[[ Information provided, beginning ]]

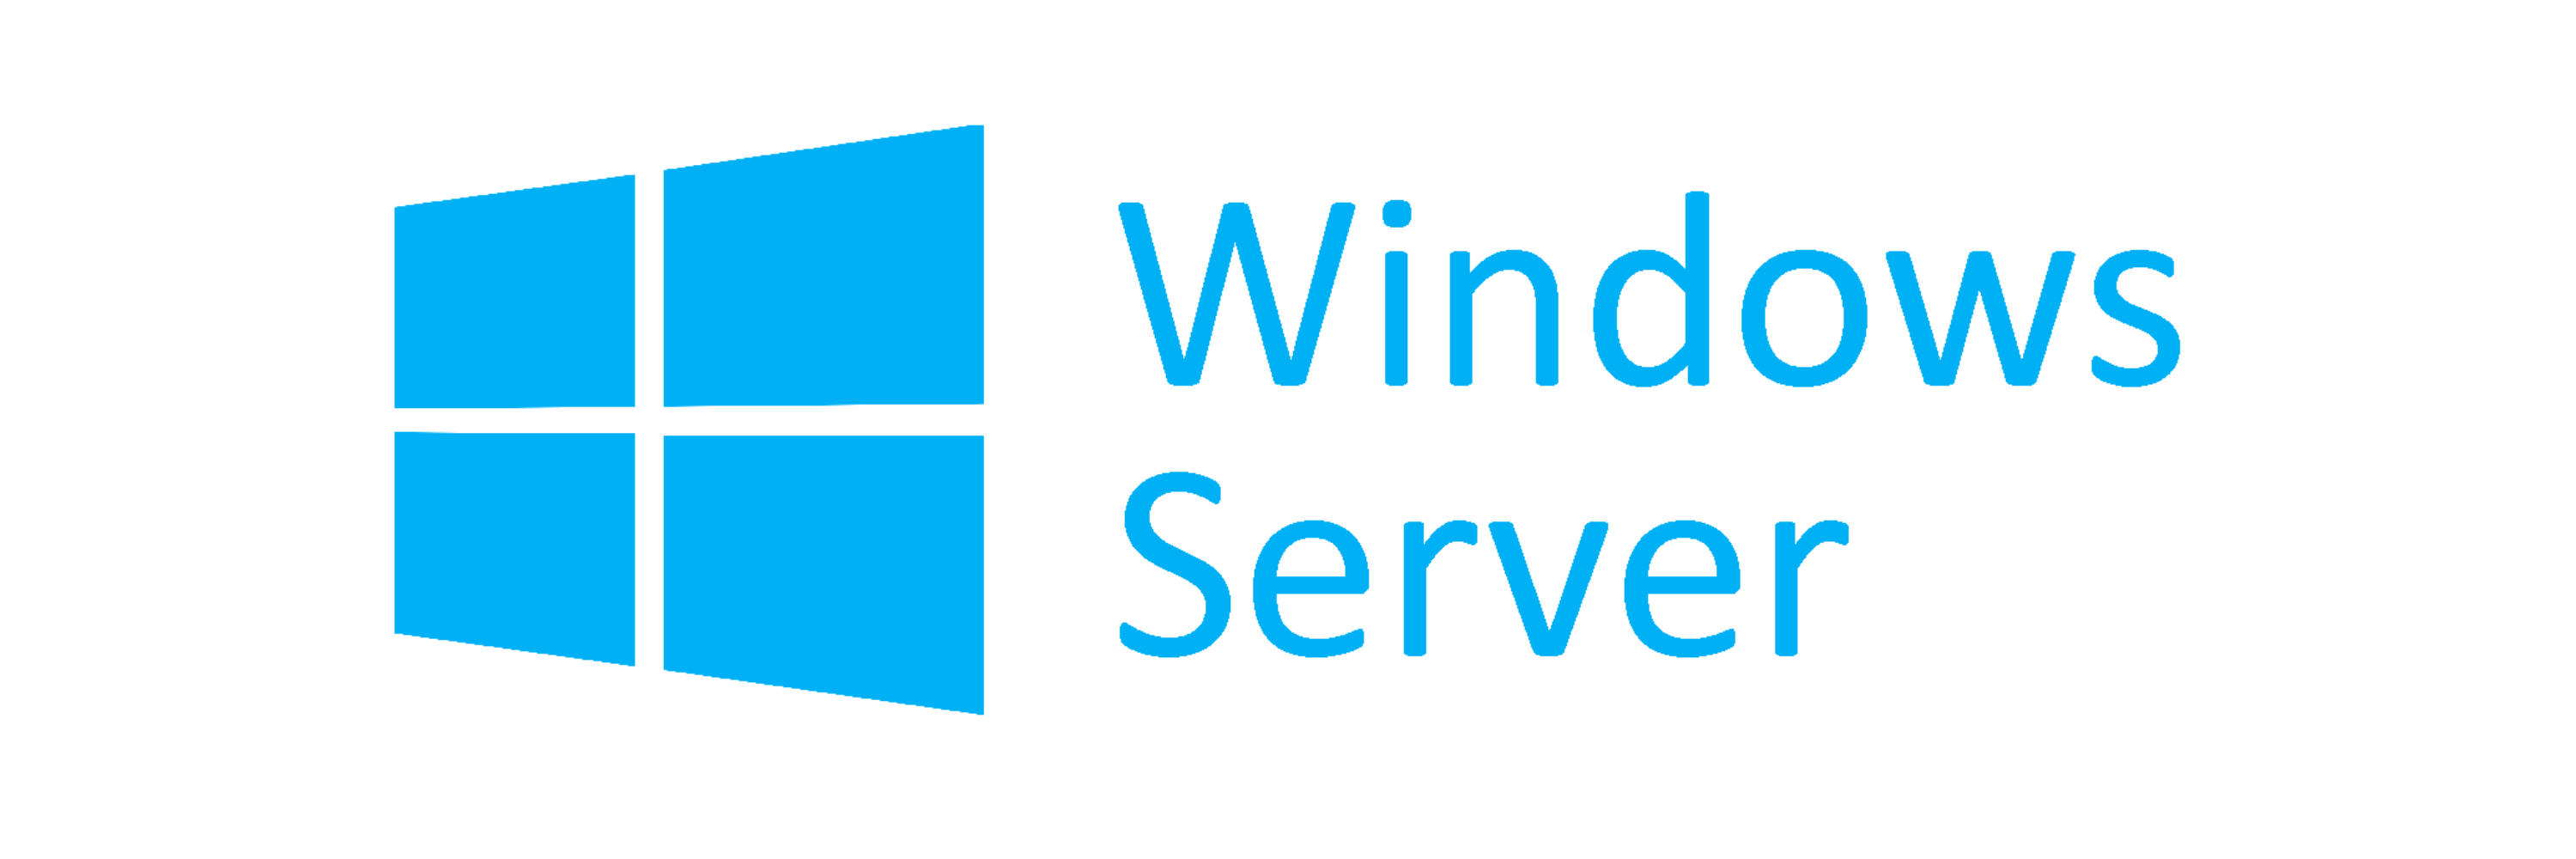 Windows server_Logo
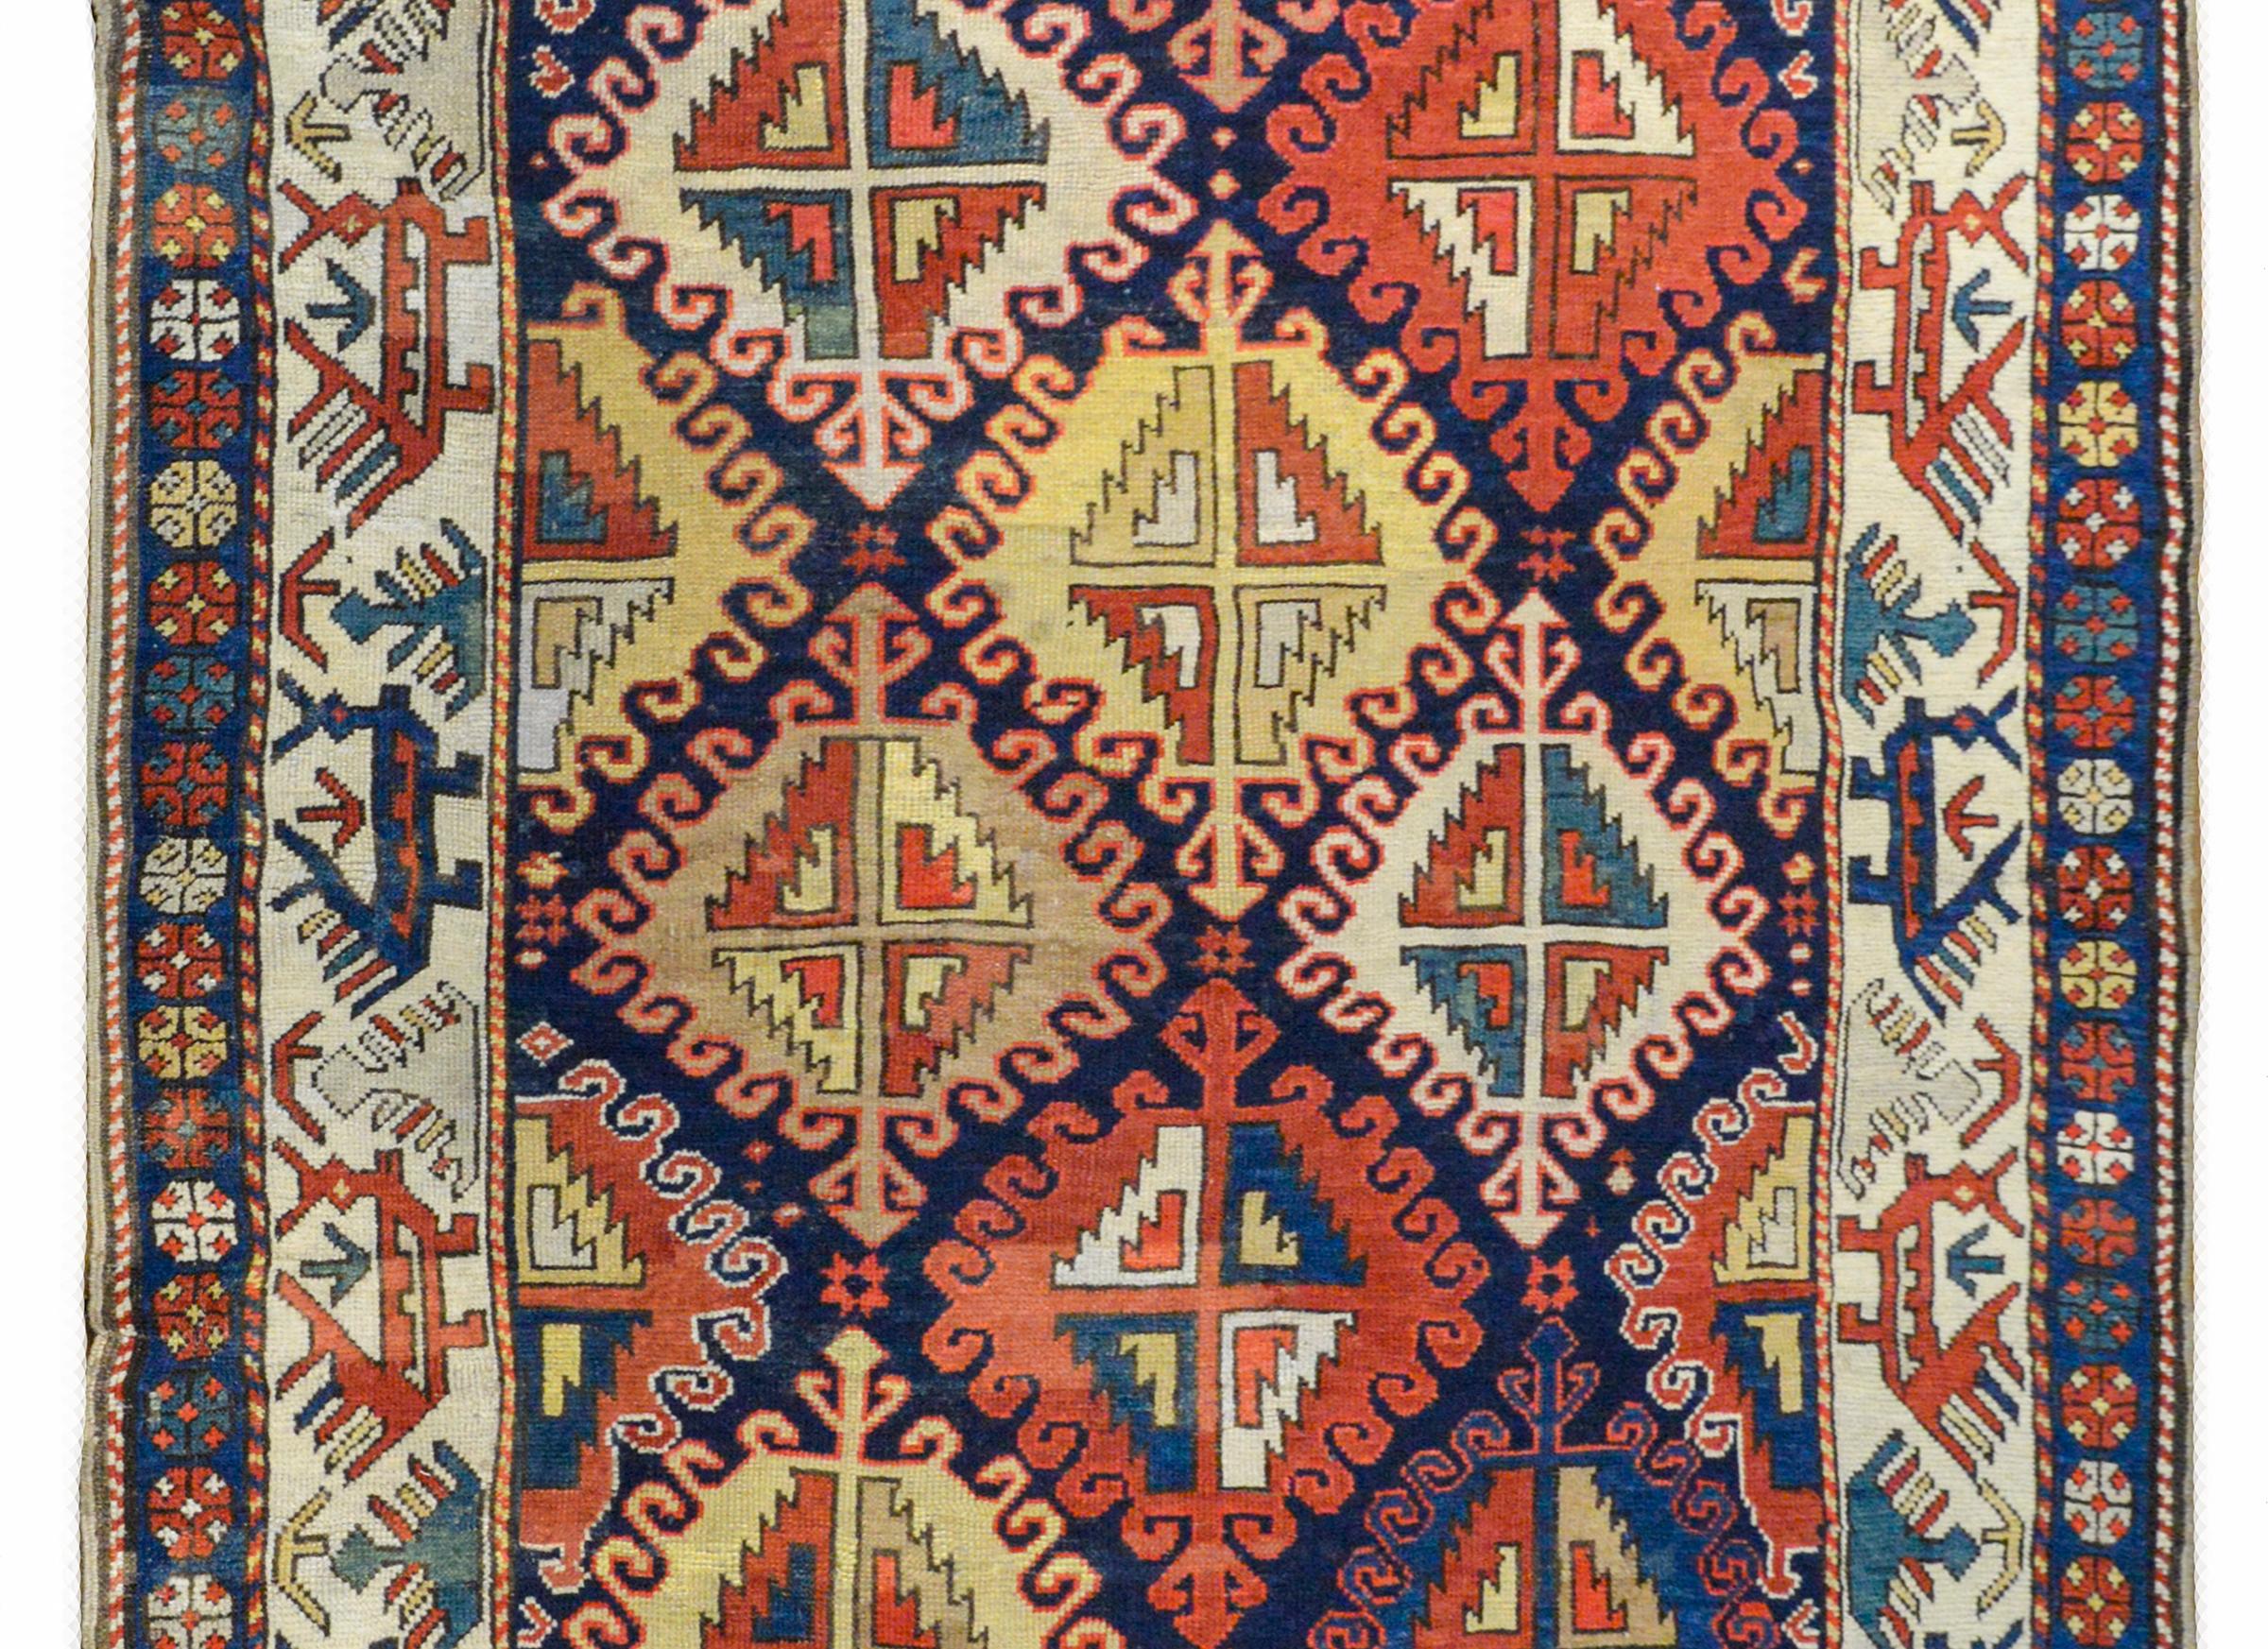 Ein hervorragender Kazak-Teppich aus dem späten 19. Jahrhundert mit einem wunderschönen, kühnen, stilisierten Blumenmuster in leuchtenden Rot-, Gelb-, Grün- und Blautönen auf einem dunklen indigoblauen Hintergrund. Die Bordüre ist wunderschön mit
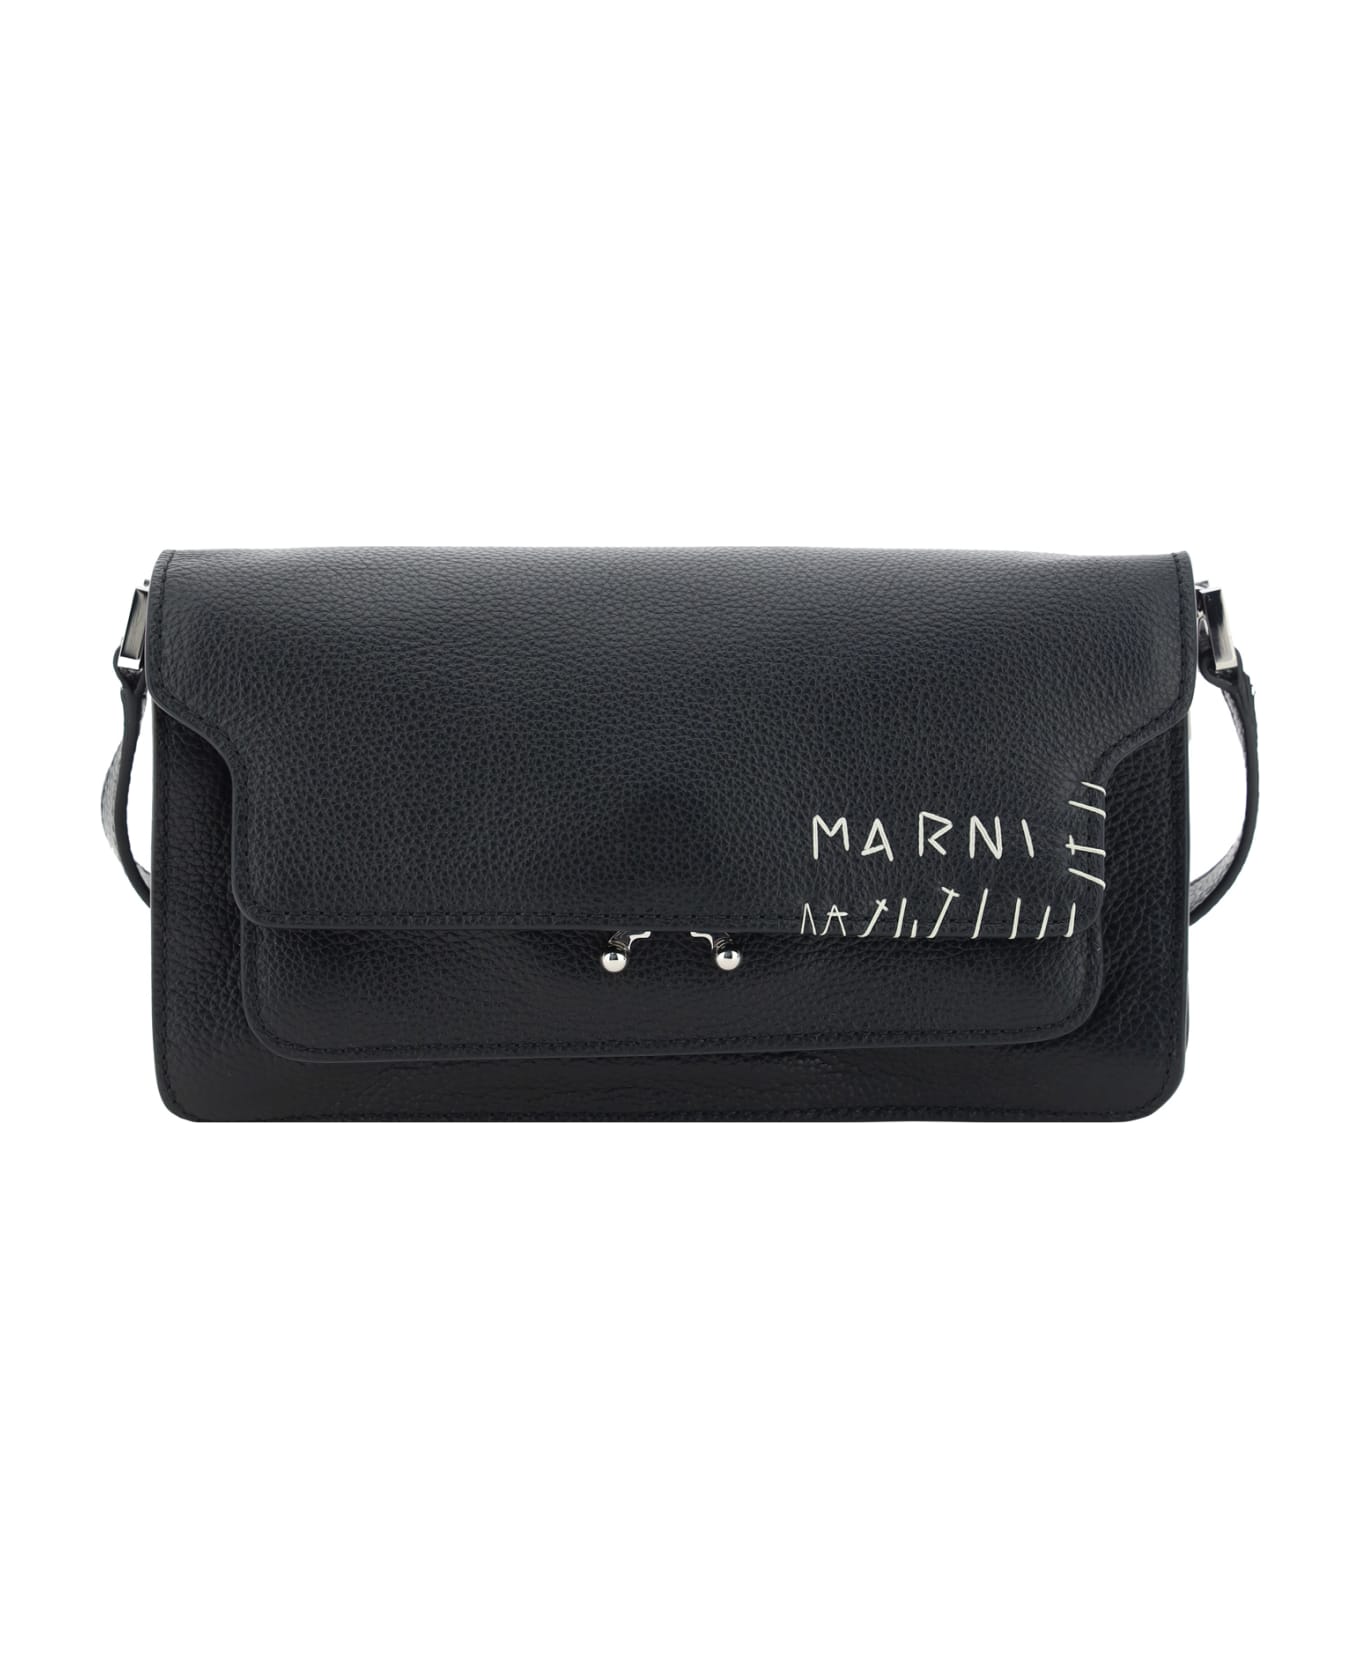 Marni Trunk Shoulder Bag - Black

[[ Information provided, end ]]

What the task requires
Word-for-word transcription: the whole listing, with images excluded.

Response to this task
 Windows server_Logo
 Ein hervorragender Kazak-Teppich aus dem späten 19. Jahrhundert mit einem wunderschönen, kühnen, stilisierten Blumenmuster in leuchtenden Rot-, Gelb-, Grün- und Blautönen auf einem dunklen indigoblauen Hintergrund. Die Bordüre ist wunderschön mit
 Marni Trunk Shoulder Bag - Black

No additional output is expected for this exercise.